Becoming a parent for the first time is an amazing experience. I should warn you, though. You have been lied to.
Now don’t blame me, I didn’t do it. Like so many things in life, you are given the good while they conveniently forget to tell you the bad and the ugly.
I thought that pregnancy was no big deal. You wife is a little queazy, nine months later, you are holding your kid in your hands.
Let me tell you, friend-o… it’s not that simple.
Here are the 7 things I wish I had known before.
1. “Morning Sickness” is an innocuous term for three months of pure hell. Your wife is going to be sick, and I mean totally sick. Not just in the morning. At all hours. Everything about you will cause her to vomit. Your breath, your body odor, the same breakfast you’ve been eating for the past three years. There is nothing you can do to stop it.
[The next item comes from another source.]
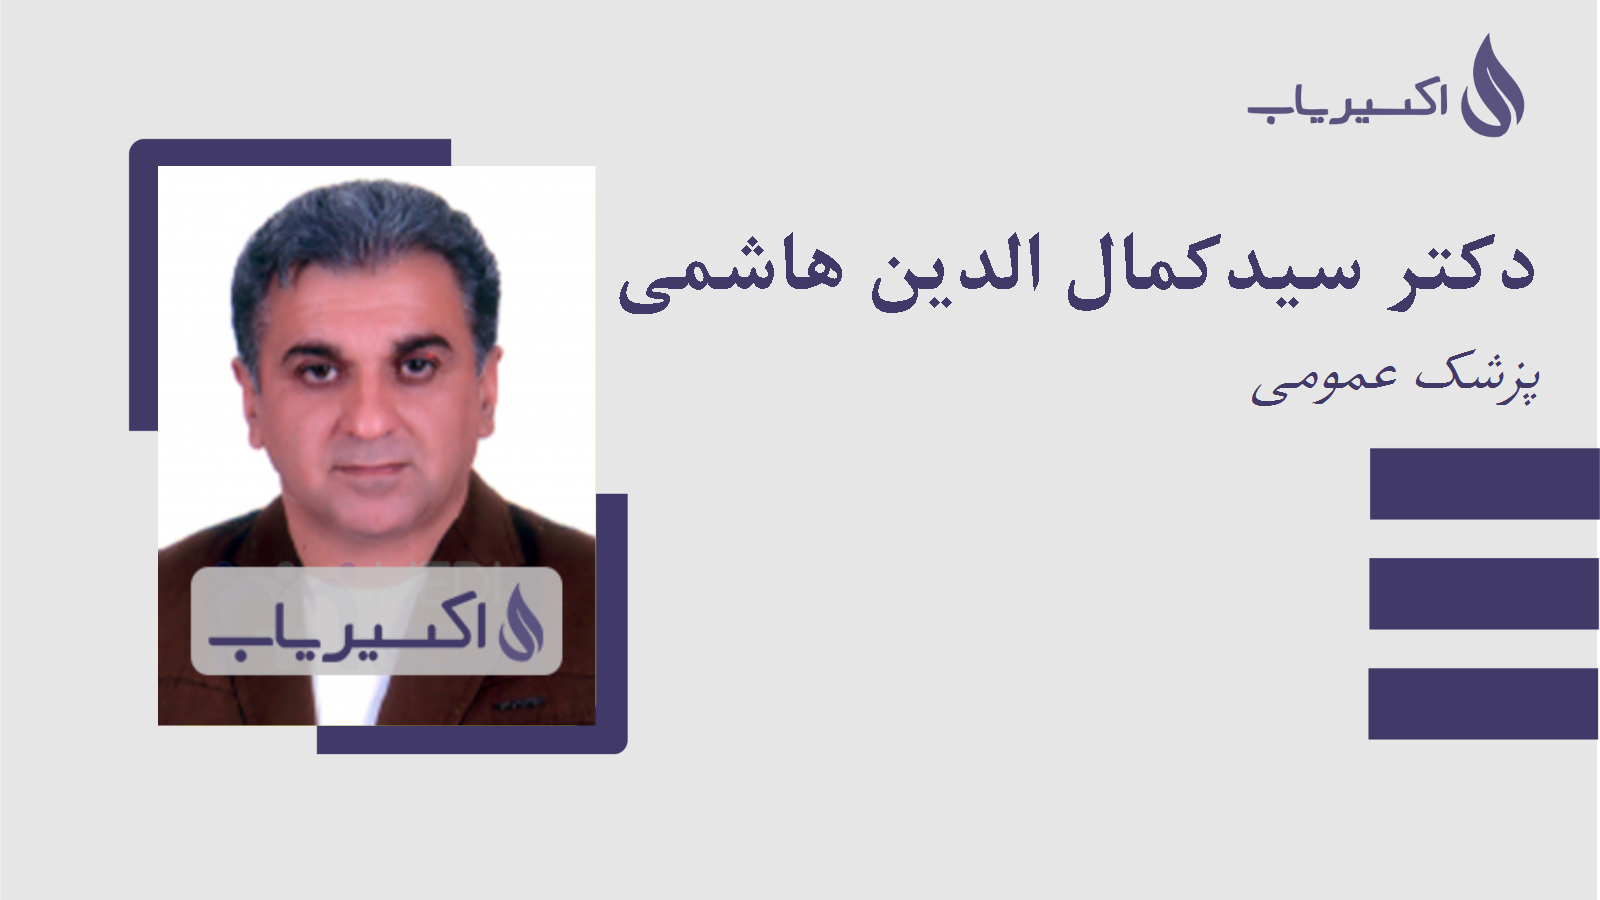 مطب دکتر سیدکمال الدین هاشمی قادی

2. Deciding to get in shape while your wife is pregnant is a horrible idea. Research says that if you want to stick to the gym, you need a buddy. We need accountability and support to keep moving forward. While becoming a father will probably encourage you to do all you can to take care of yourself, don’t expect your wife to be too happy. Find someone else whom you can share your victories with. She’s not impressed that you weighed in at a new minimum weight. She’ll just glare at you while she finishes her second bowl of ice cream.
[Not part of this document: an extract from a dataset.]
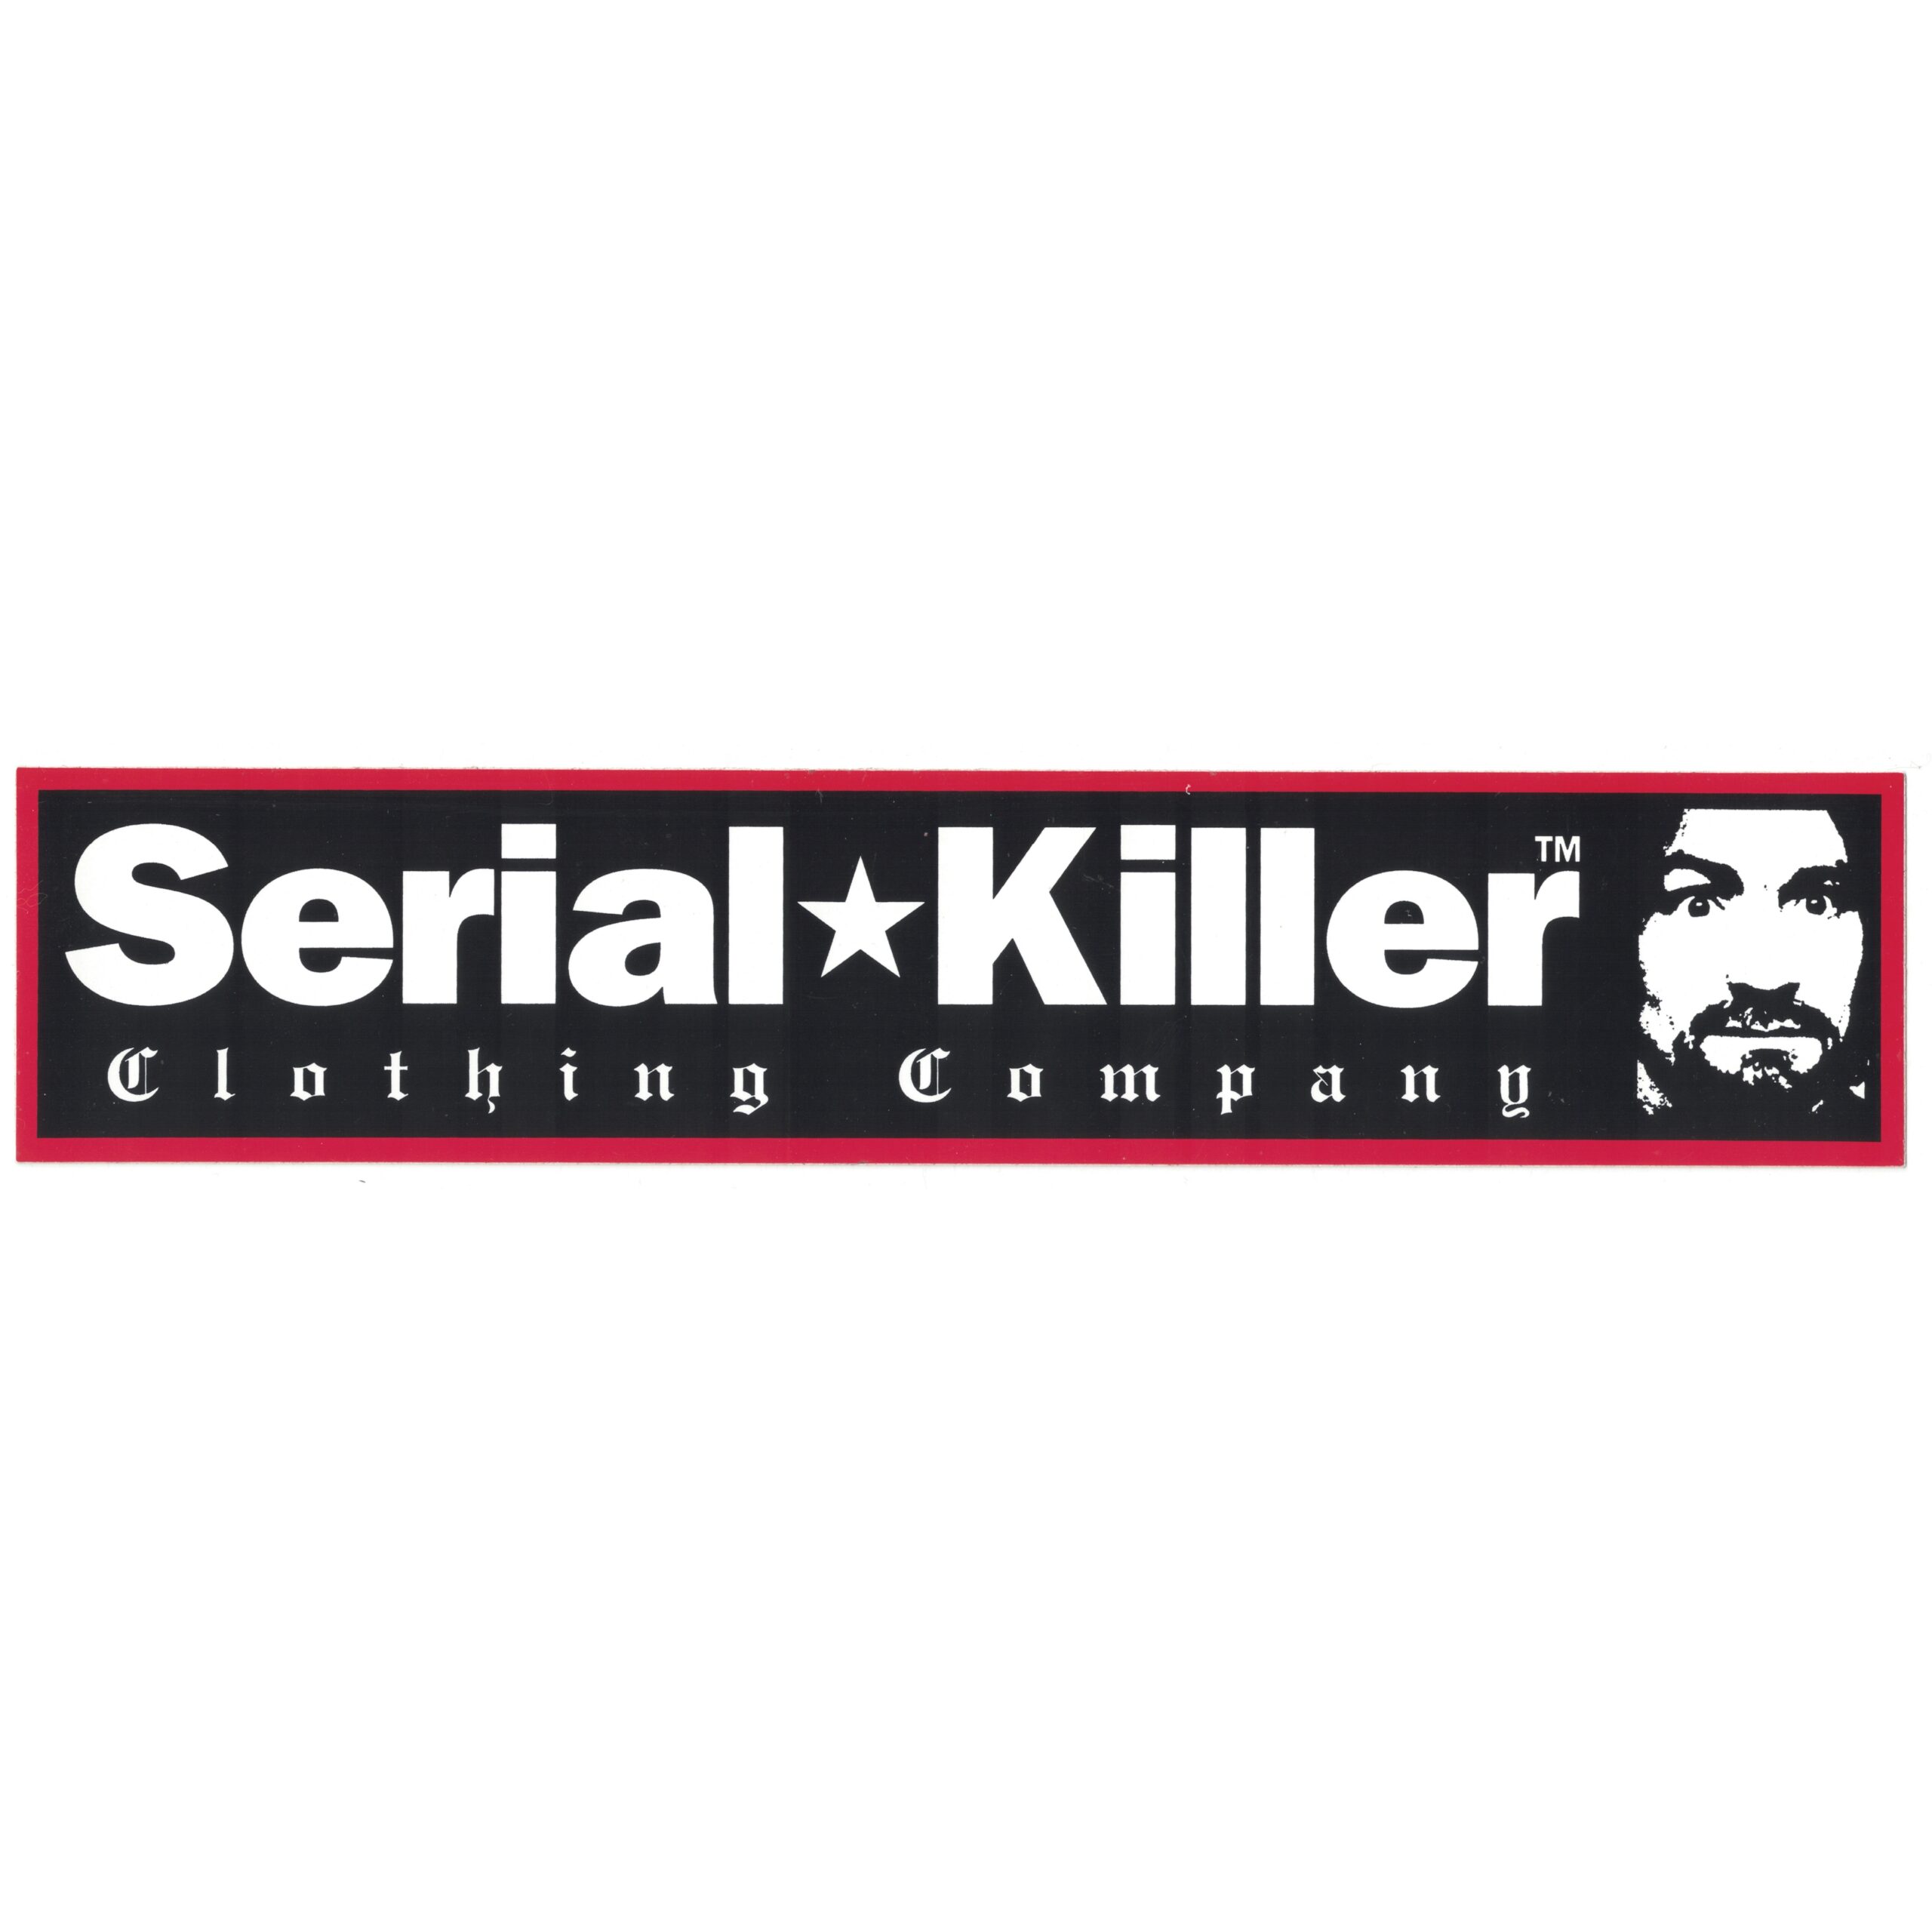 Serial Killer Clothing Company Charles Manson Logo

3. Loneliness and the First Trimester are BFFs. Sadly, as your wife is feeling unwell, there will be a decrease in the amount of time you’ll be cuddling. After all, if she can’t stand the smell of your breath, you won’t be getting very close. There will be some loneliness in there. It’s not that she doesn’t love you or that you don’t love her. It is just that there is some distance out of necessity. (And BTW, she feels lonely too.)
4. If you like cuddling at bedtime, forget about it. As your child grows, your wife will need to get a body pillow to support herself. That pillow becomes the Berlin Wall in your bed. You will never be able to get close because that dang pillow is in the way. MOVE OVER PILLOW!!!
5. Say goodbye to your favorite foods. Pregnancy causes changes in your wife’s digestive system. Do you love burritos? Not anymore you don’t. They’ll still be there… in nine months.
6. Check to see how her day went first. If hers was horrible, yours better be just as bad. If your day was amazing, and hers wasn’t, don’t plan on sharing that little detail. She isn’t interested in hearing about your five mile run at dawn or the great time you had at a Chamber of Commerce open bar networking event. She’ll be grumpy and glare at you. Better tell a friend.
7. Get ready to work! Your wife is going to lose control over her abdominal muscles. On top of that, she’s sick and can’t bend over. Strap yourself in because you just became the housekeeper. She can’t tie her shoes, pickup a sock she dropped, or get up off the floor without your help. You’re going to be carrying the household.
Now, the good parts in pregnancy are definitely there. The first ultrasound is awe-inspiring. Talking about names, learning about parenting, and preparing your house are all fulfilling adventures.
You’ll be in a new phase of your life. As with any other stage, there will be good parts and challenging parts. Roll right on through and keep your eye on the prize.